ApaI
(Acetobacter pasteurianus)
5’-G G G C C C-3’
3’-C C C G G G-5’
Reaction Temperature: 25°C
Prototype: ApaI
Inactivation Temperature (20 min): 65°C
Reaction Buffer:
1x Acet Buffer: 20 mM Tris-acetate (pH 7.5 at 37°C), 10 mM magnesium acetate, 50 mM potassium acetate, 1 mM dithiotreithol, 100 µg/ml bovine serum albumin.
Unit Definition: One unit is the amount of enzyme required to completely digest 1 µg of Ad-2 DNA in 1 hr in a total reaction volume of 50 µl.
Assay Conditions: 20 mM Tris-acetate (pH 7.5 at 37°C), 1 mM dithiothreitol, 10 magnesium acetate, 50 mM potassium acetate 100 µg/ml bovine serum albumin and 1 µg Ad-2 DNA. Incubation is at 25°C for 1 hr in a reaction volume of 50 µl.

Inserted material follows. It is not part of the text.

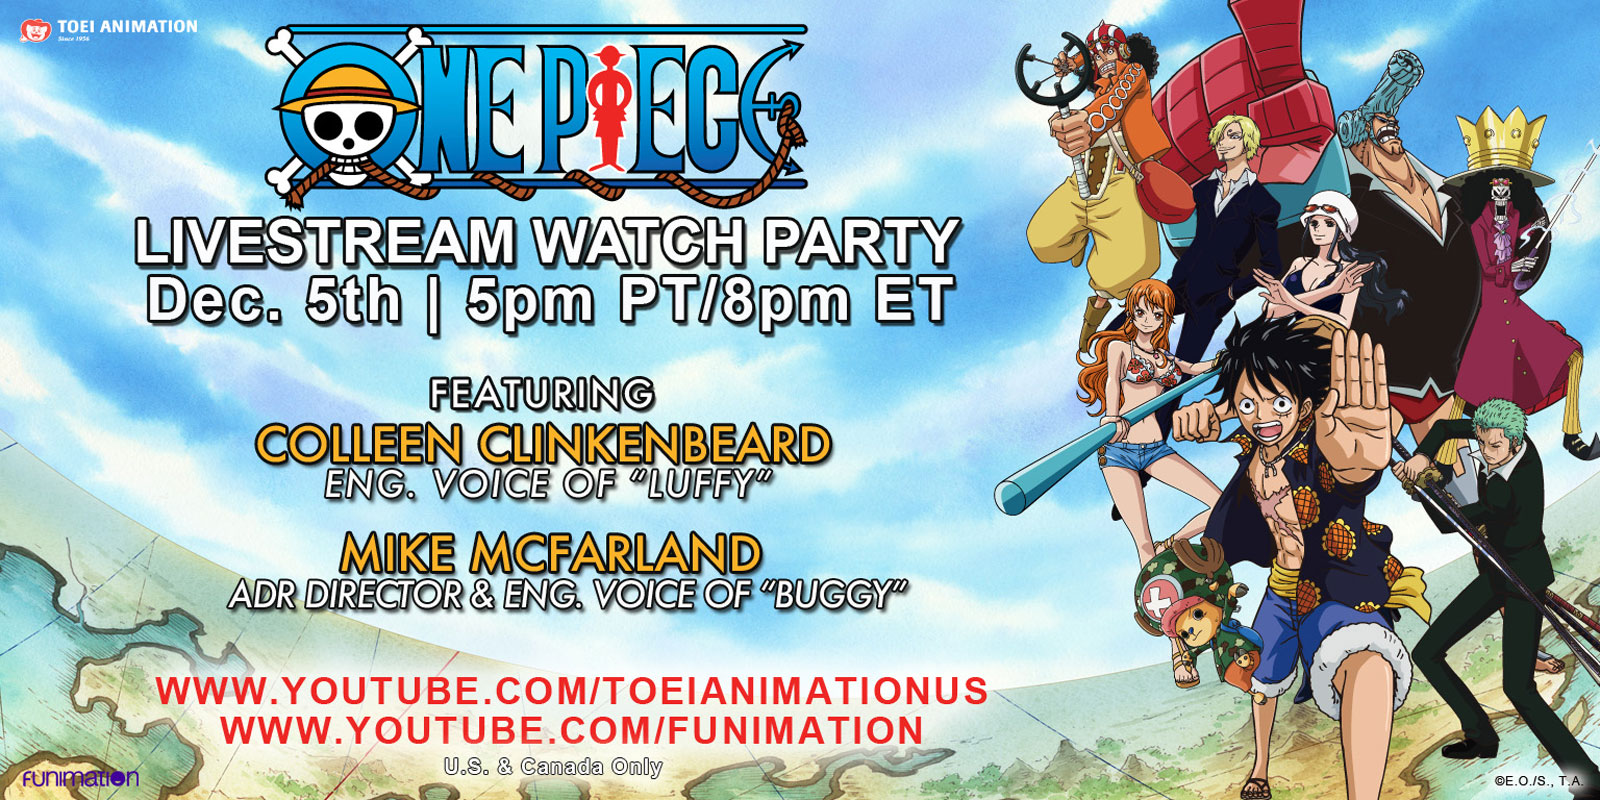 TOEI ANIMATION AND FUNIMATION ANNOUNCE ONE PIECE DUB LIVESTREAM WATCH PARTY FOR YOUTUBE IN THE U.S. & CANADA!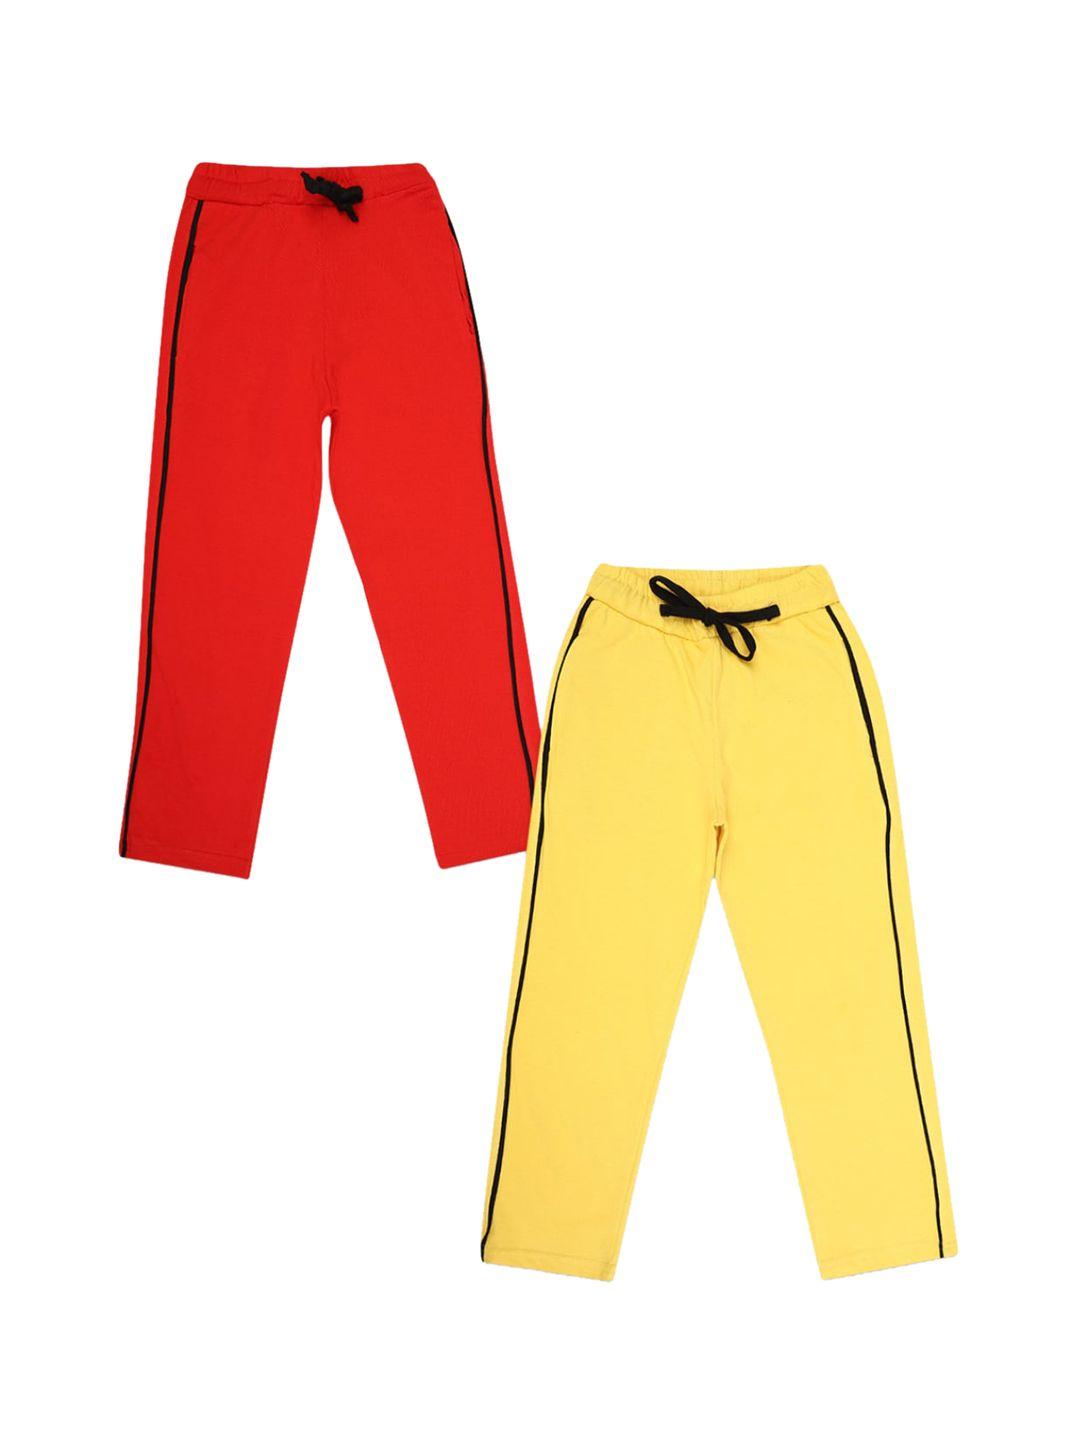 v-mart-boys-pack-of-2-red-&-yellow-cotton-lounge-pants

Storage Buffer: 10 mM Tris-HCl (pH 7.5 at 22°C), 50 mM KCl, 1 mM dithiothreitol, 0.1 mM EDTA, 0.1% Triton™X-100, 200 µg/ml bovine serum albumin and 50% (v/v) glycerol.
Storage Conditions: Store at –20°C.
Quality Control:
Non-specific Endonuclease: Incubation of 10 units of ApaI with 1 µg of Ad-2 DNA at 25°C for 16 hrs (a 160-fold over-digestion) resulted in the same sharp characteristic banding pattern as the standard assay reaction, as determined by agarose gel electrophoresis.
3'-Exonuclease: 5, 10 and 20 units of ApaI and 0.13 µg of 3'-ends of lambda/TaqI fragments (3'-labeled with T4 DNA Polymerase and [³H]dGTP and [³H]dCTP), incubated for 1 hr at 25°C resulted in 0.06-slope of %-end label released per unit of enzyme. Reaction volume 10 µl.